The KxB/N model of passive arthritis is highly reliant on FLS and other cells like neutrophils, macrophages, and mast cells [69]. Histological and clinical scores and paw swelling indicated that the compound successfully suppressed inflammatory arthritis both when injected before the arthritis induction and at the arthritis peak. This implies not only a protective but also a therapeutic effect of the compound, which was similar to the effect of methotrexate, thus providing an alternative treatment for RA [70].

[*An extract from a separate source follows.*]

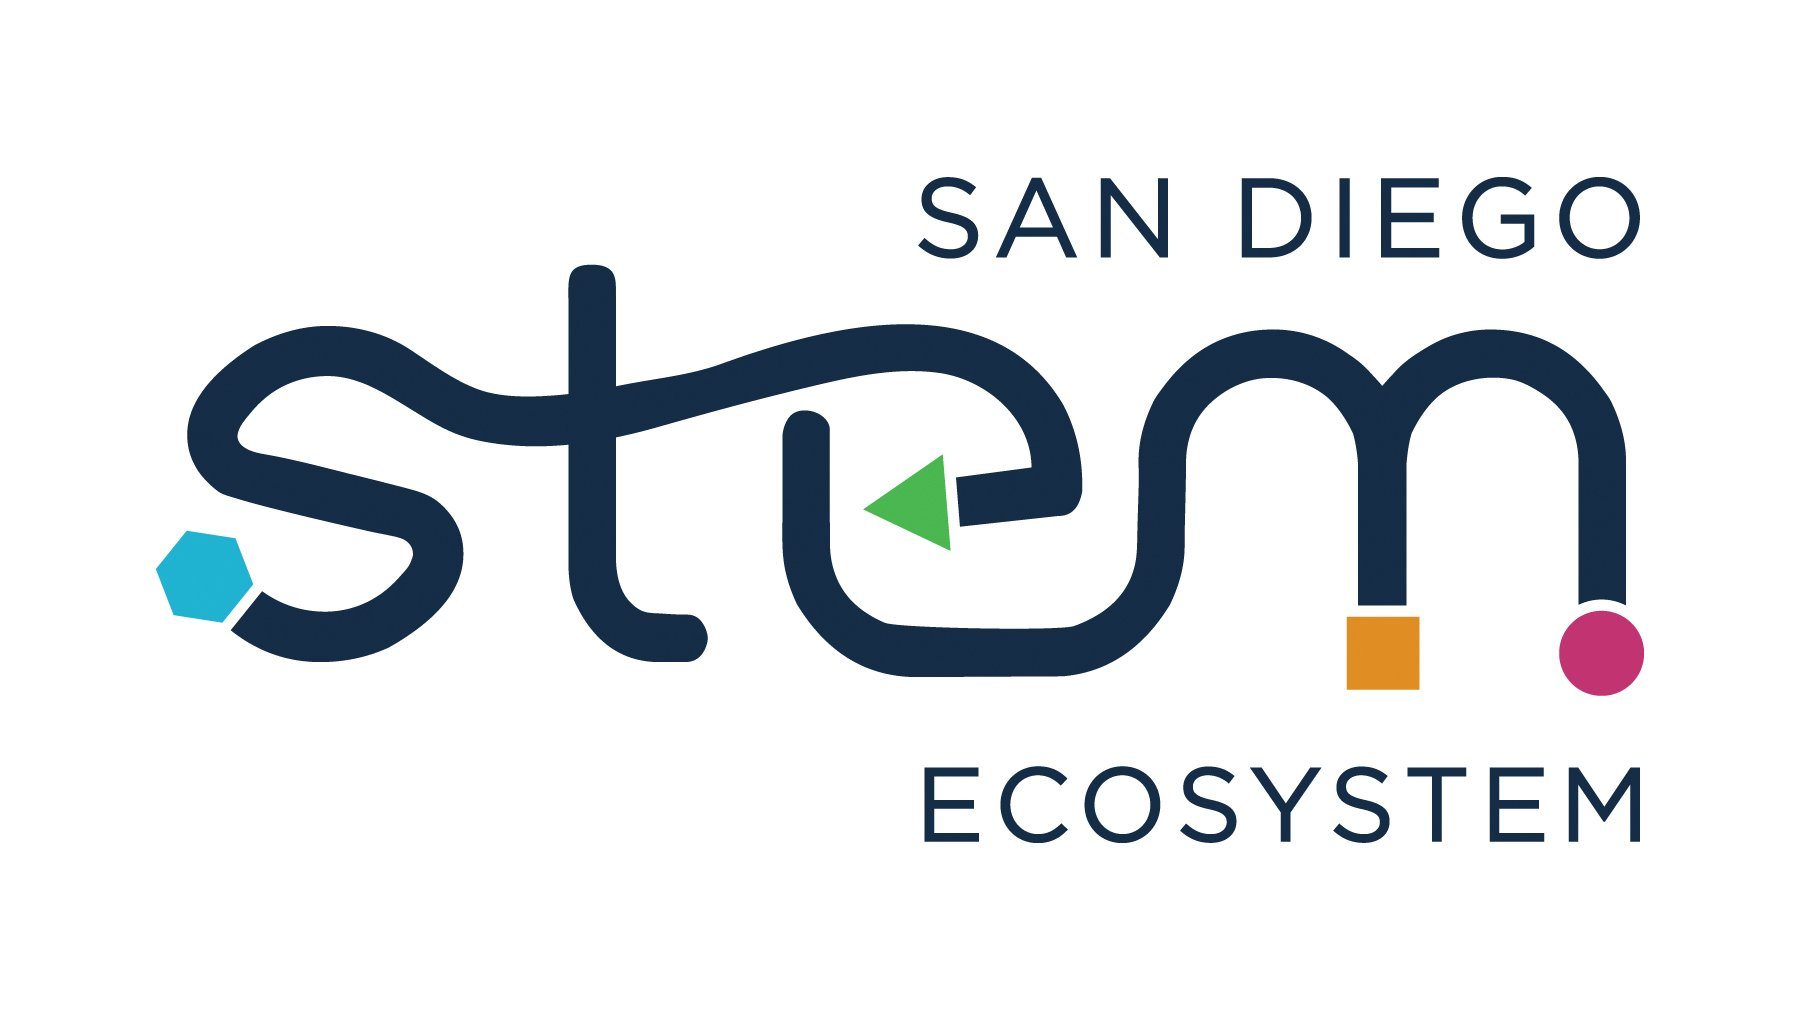 San Diego STEM Ecosystem logo
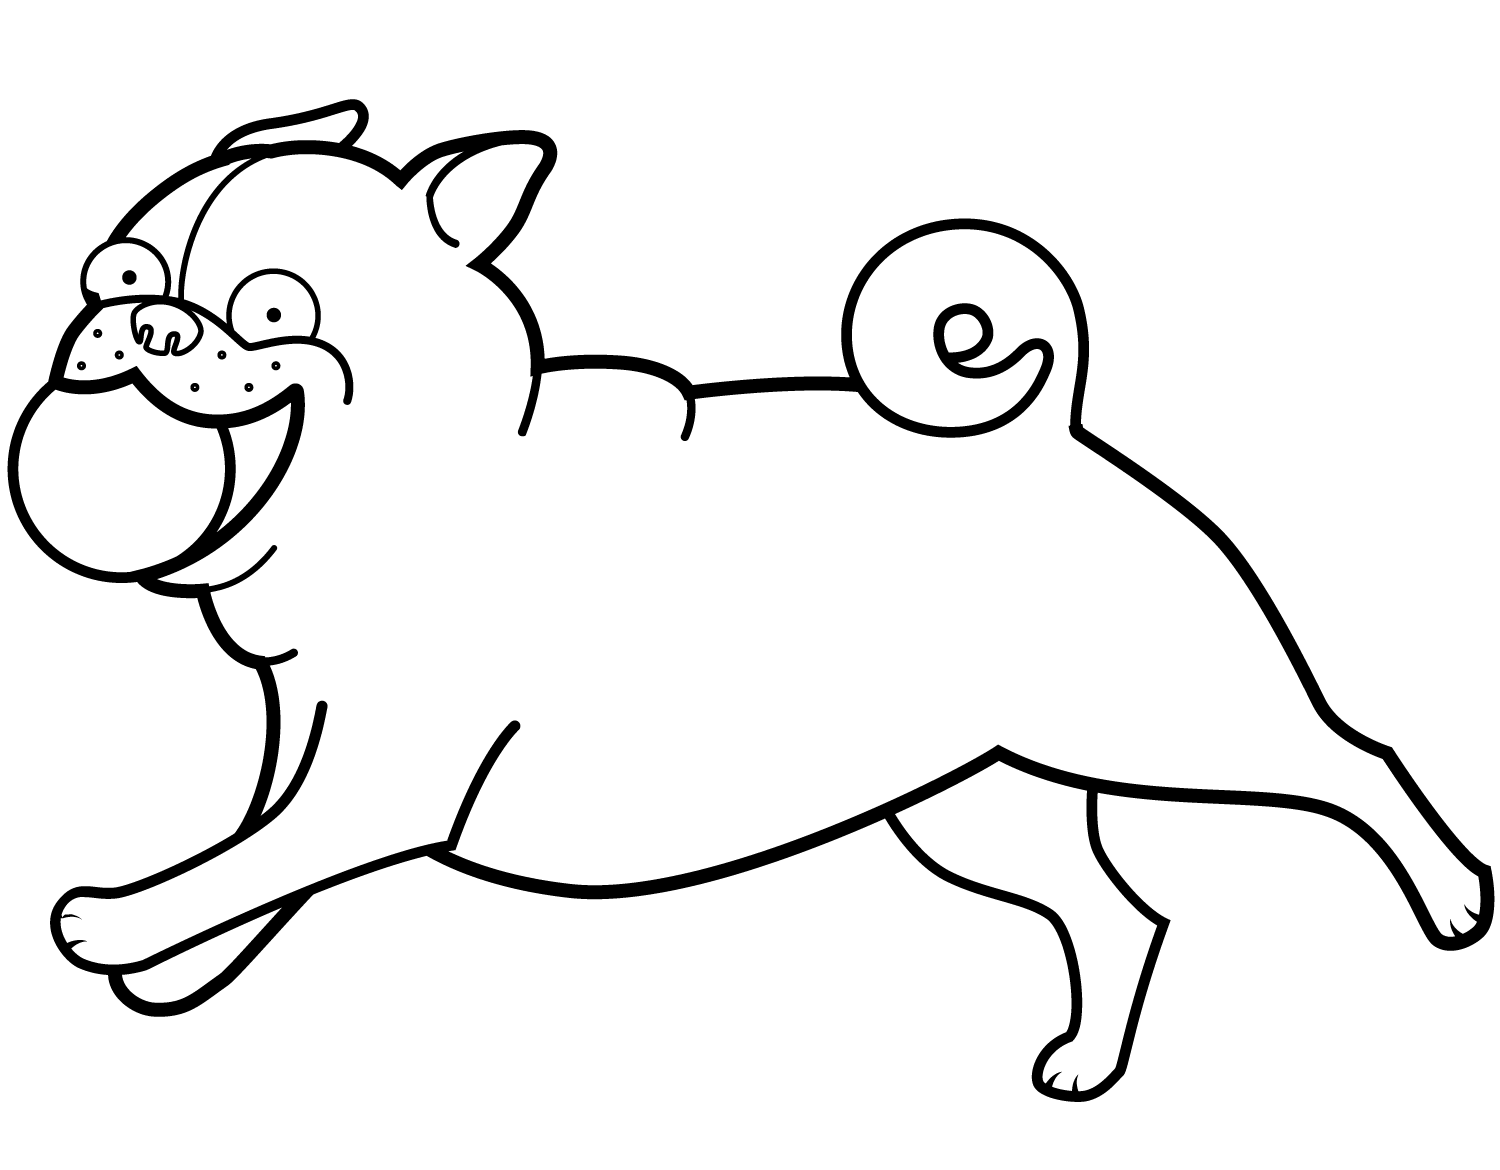 Funny Pug Playing Ball Coloring Page - Free Printable ...

In summary, we report that targeting glycolysis and glutaminolysis can be therapeutically more promising as this may modify potential cross-talk amid FLS and other neighboring adjacent cells inhabiting the synovium in contrast to when either of the pathways is inhibited alone. This could complement the existing therapies for RA thereby improving disease outcomes. The acquired data can further find its extension on other rheumatic disorders.

Conclusion

Our study results propose that glutaminolytic and glycolytic pathways are upregulated in RAFLS and that dual inhibition of excessive consumption of glucose and glutamine could be an effective approach for the treatment of RA by suppressing the aggressive properties of RAFLS. The suppression of glycolysis and glutaminolysis by the action of a dual inhibitor tends to remain a lesser-explored therapeutic approach for RA. Hence, this data provides a potential priming ground for therapeutic suppression of both glycolysis and glutaminolysis for RA and other rheumatic diseases.